I am not sure my error is the same as the first guy--biofuture--who put the first issue in here. According to your reply, it seems you already fixed this error. And I installed RdRpBin
in 16th June.
I just use the default parameters of RdRpBin
, so I have no any ideas about this error.
Best,
Qingwei
Hi Qingwei,
Have you changed the name of the default database ("RdRpBin_db")? In that case, please change the name of the database back to ‘RdRpBin_db’. Sorry, the parameter “--database” causes the ambiguity of being able to use a custom database. Currently, only the default database with the default name is supported. Later I will add the feature to customize the database to make the program more flexible.
Best, Xubo
Dear Xubo, I think I haven't changed the default database name, my command was showed below
main.py -f fastq -t 20 ${PATH1}/input_dir/M055_F_mRNA_rev_0.fq
And the generated files just stop here
6721877 Jun 28 09:32 output.blastx
836484 Jun 28 09:36 output.blastx.prot
1638511 Jun 28 09:36 output.blastx.nucl
13847422617 Jun 28 09:39 test_rdrp_sim.csv.index.fasta.sga.prep
1898531434 Jun 28 09:53 test_rdrp_sim.csv.index.fasta.sga.bwt
737388886 Jun 28 09:57 test_rdrp_sim.csv.index.fasta.sga.sai
882424211 Jun 28 10:11 test_rdrp_sim.csv.index.fasta.sga.rbwt
737388886 Jun 28 10:15 test_rdrp_sim.csv.index.fasta.sga.rsai
1638511 Jun 28 10:15 output.blastx.nucl.sga.prep
55060 Jun 28 10:15 output.blastx.nucl.sga.sai
55060 Jun 28 10:15 output.blastx.nucl.sga.rsai
194295 Jun 28 10:15 output.blastx.nucl.sga.rbwt
195200 Jun 28 10:15 output.blastx.nucl.sga.bwt
15056559774 Jun 28 11:03 test_rdrp_sim.csv.index.fasta.sga.output.blastx.nucl.sga.asqg
6721877 Jun 28 11:04 log
Inside of the log directory
, the blastx_mv
contain one file prediction.csv
, while the prc
is empty.
Best, Qingwei
Hi Qingwei,
I checked the code but haven't found any other cause for this problem. Here I attach a test file on which the program should run fine. Could you please try RdRpBin on this data and see if the error still occurs?
With thanks, test.txt
Xubo
Dear Xubo,
I test again with the fasta file you provided. I got the same error like:
Reads parsed: 281
Reads kept: 281 (1)
Reads failed primer screen: 0 (0)
Bases parsed: 41191
Bases kept: 41191 (1)
Number of incorrectly paired reads that were discarded: 0
[timer - sga preprocess] wall clock: 0.00s CPU: 0.00s
[timer - sga index] wall clock: 0.64s CPU: 4.41s
[timer - sga::overlap] wall clock: 0.12s CPU: 0.10s
/usr/appli/freeware/miniconda/3.6/envs/RdRpBin/lib/python3.8/site-packages/Bio/Seq.py:2979: BiopythonWarning: Partial codon, len(sequence) not a multiple of three. Explicitly trim the sequence or add trailing N before translation. This may become an error in future.
warnings.warn(
Traceback (most recent call last):
File "/usr/appli/freeware/RdRpBin/main.py", line 299, in <module>
run_on_real(args = rdrpbin_args,
File "/usr/appli/freeware/RdRpBin/main.py", line 194, in run_on_real
graph_utils.run_prc(train_csv=f"{database_name}/data/train.csv",
File "/usr/appli/freeware/RdRpBin/graph_utils.py", line 55, in run_prc
temp_arr[train_idx_to_label[node]] = 1.0
IndexError: index 9 is out of bounds for axis 0 with size 0
And the `prc` directory is empty.
Qingwei
Thanks for your testing, Qingwei. I'm still working on it but haven't found the bug.

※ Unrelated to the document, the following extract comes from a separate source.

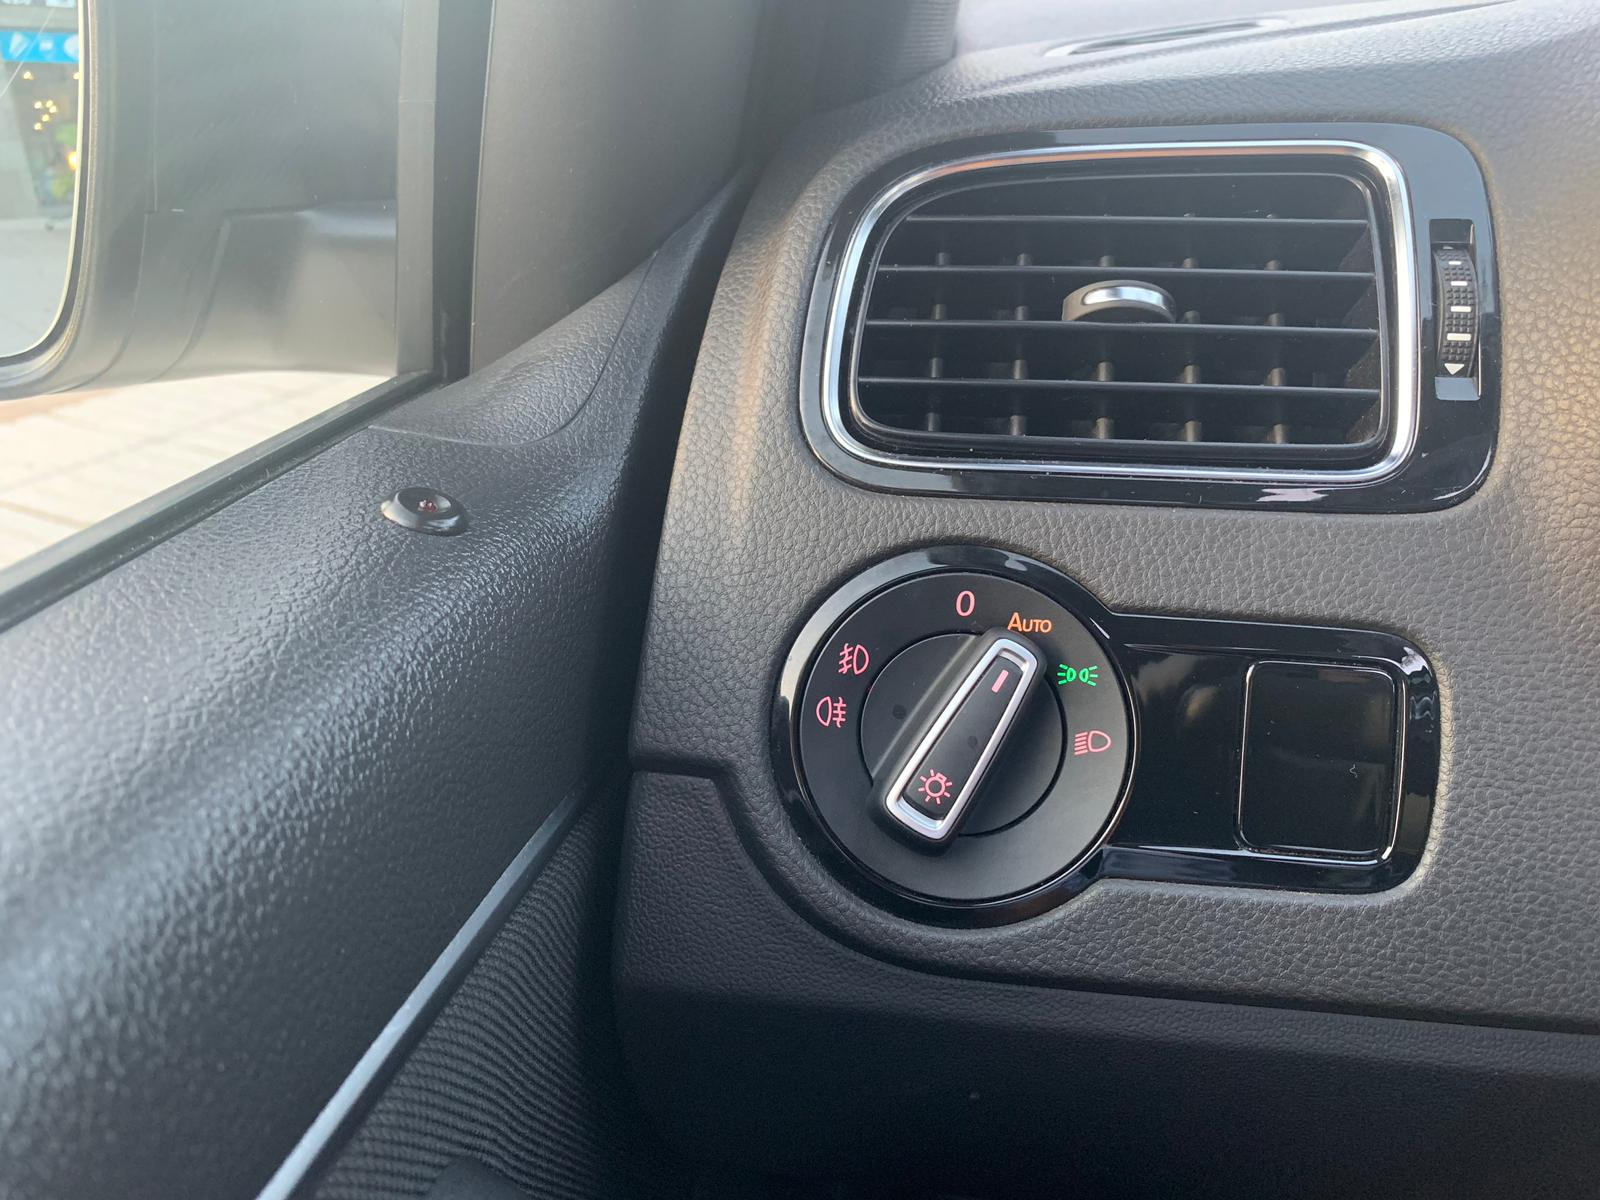 POLO GTI 1.9TSI 190 CV 2015 SEP19 (18)

Have you ever modified the codes, especially the 'main.py'? If so, could you please redownload the codes and run RdRpBin on the test.txt again?
With thanks, Xubo
Dear Xubo,
With the help of engineer in my lab, the error of RdRpBin
have been fixed. I re-test the command using the test.txt you provided. It ran very well and I got nice results.
He haven't told very detail about this error. But he recommand me to use Graphics precoessing unit (GPU), which will be more faster than central processing unit (CPU), about 3 times faster. I think it is resonable because RdRpBin
contian the CNN and GCN meachine learning processes.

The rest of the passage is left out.